Source: A.C. Bhaktivedanta Swami Prabhupada (2014 edition), “Srimad Bhagavatam”, Fourth Canto, Chapter 08 – Text 02 to 05

 

Changes in the mode of worship is permitted according to particular time, country & conveniences.

Om Namo bhagavate vasudevaya is known as the dvadasaksara-mantra. This mantra is chanted by Vaisnava devotees, and it begins with Pranava or Omkara. There is an injunction that those who are not Brahmanas cannot pronounce the Pranava mantra. But Dhruva Maharaja was born a ksatriya. He at once admitted before Narada Muni that as a ksatriya he was unable to accept Narada’s instruction of renunciation and mental equilibrium, which are the concern of a brahmana. Still, although not a brahmana but a ksatriya, Dhruva was allowed, on the authority of Narada, to pronounce the Pranava Omkara. This is very significant. Especially in India, the caste brahmanas object greatly when persons from other castes, who are not born in brahmana families, recite this Pranava mantra. But here is tacit proof that if a person accepts the Vaisnava mantra or Vaisnava way of worshiping the Deity, he is allowed to chant the Pranava mantra. In Bhagavad-gita, the Lord personally accepts that anyone, even one of a low species, can be elevated to the highest position and go back home, back to Godhead, simply if he worships properly.
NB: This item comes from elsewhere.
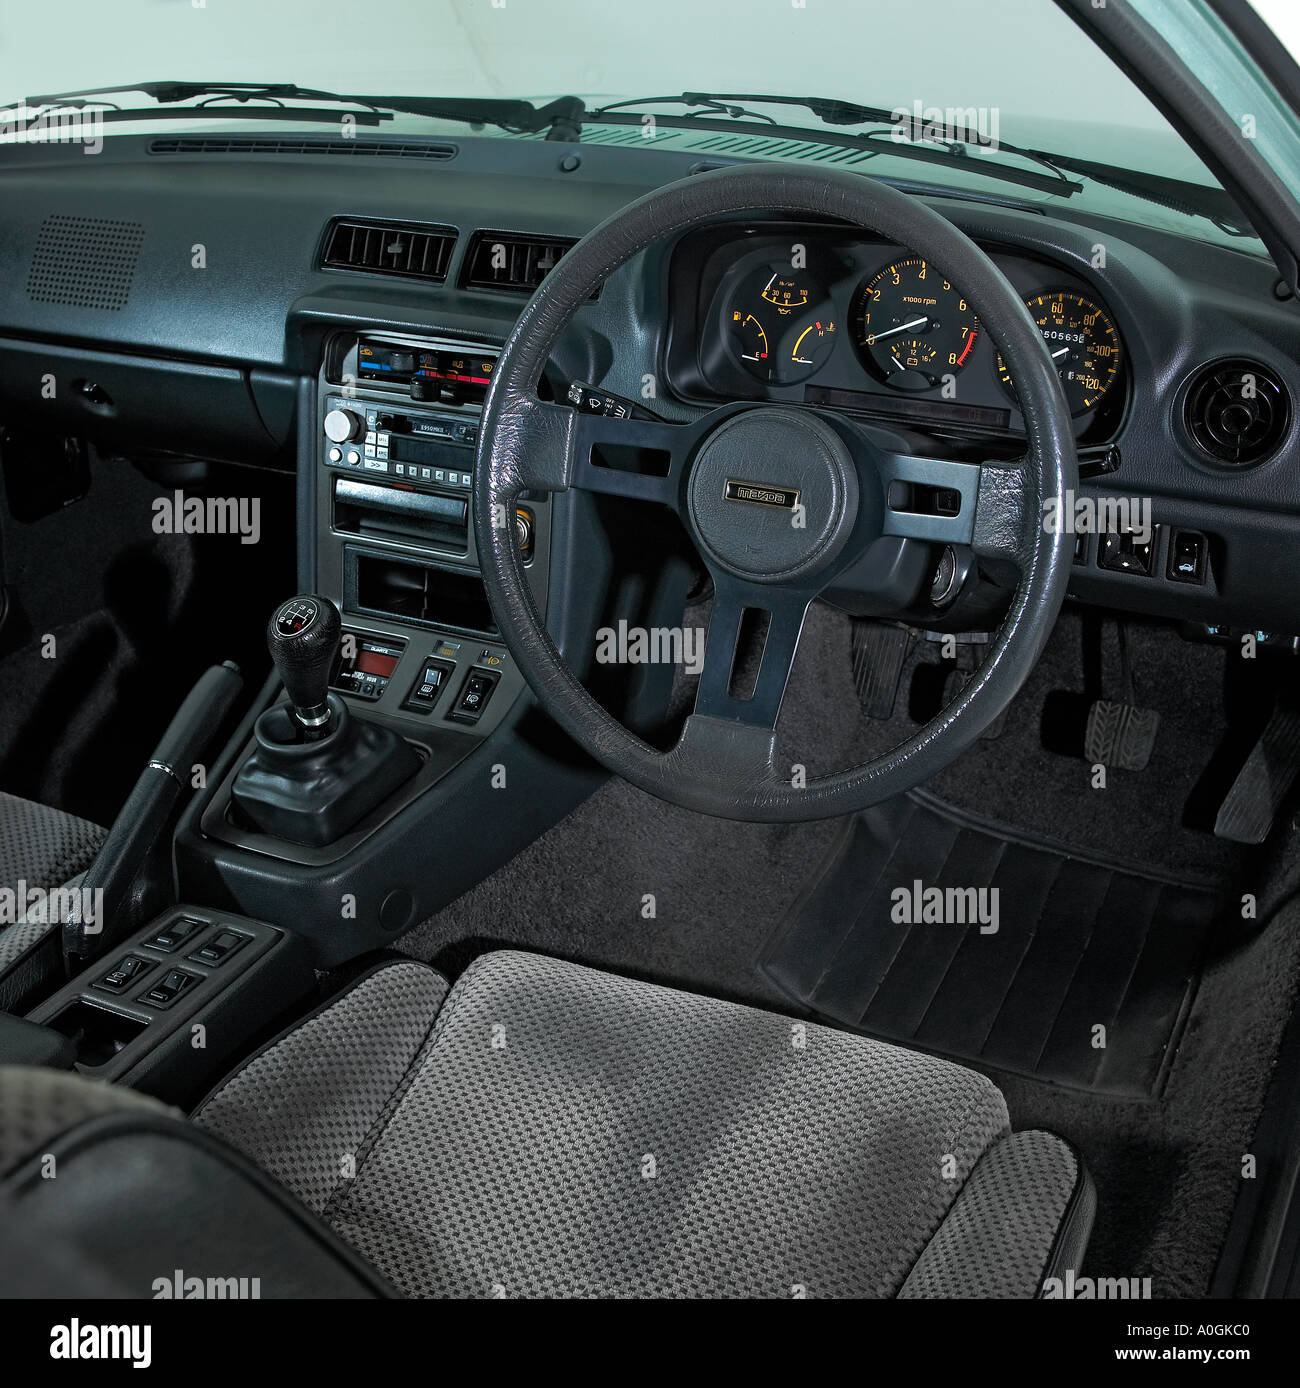 1986 Mazda Rx7 Stockfoto Bild 3261375 Alamy

The prescribed rules, as stated here by Narada Muni, are that one should accept the mantra through a bona fide spiritual master and hear the mantra in the right ear. Not only should one chant or murmur the mantra, but in front of him, he must have the Deity or physical form of the Lord. Of course, when the Lord appears it is no longer a physical form. For example, when an iron rod is made red-hot in a fire, it is no longer iron; it is fire. Similarly, when we make a form of the Lord–whether of wood or stone or metal or jewels or paint, or even a form within the mind–it is a bona fide, spiritual, transcendental form of the Lord. Not only must one receive the mantra from the bona fide spiritual master like Narada Muni or his representative in the disciplic succession, but one must chant the mantra. And not only must one chant, but he should also offer whatever foodstuff is available in his part of the world, according to time and convenience.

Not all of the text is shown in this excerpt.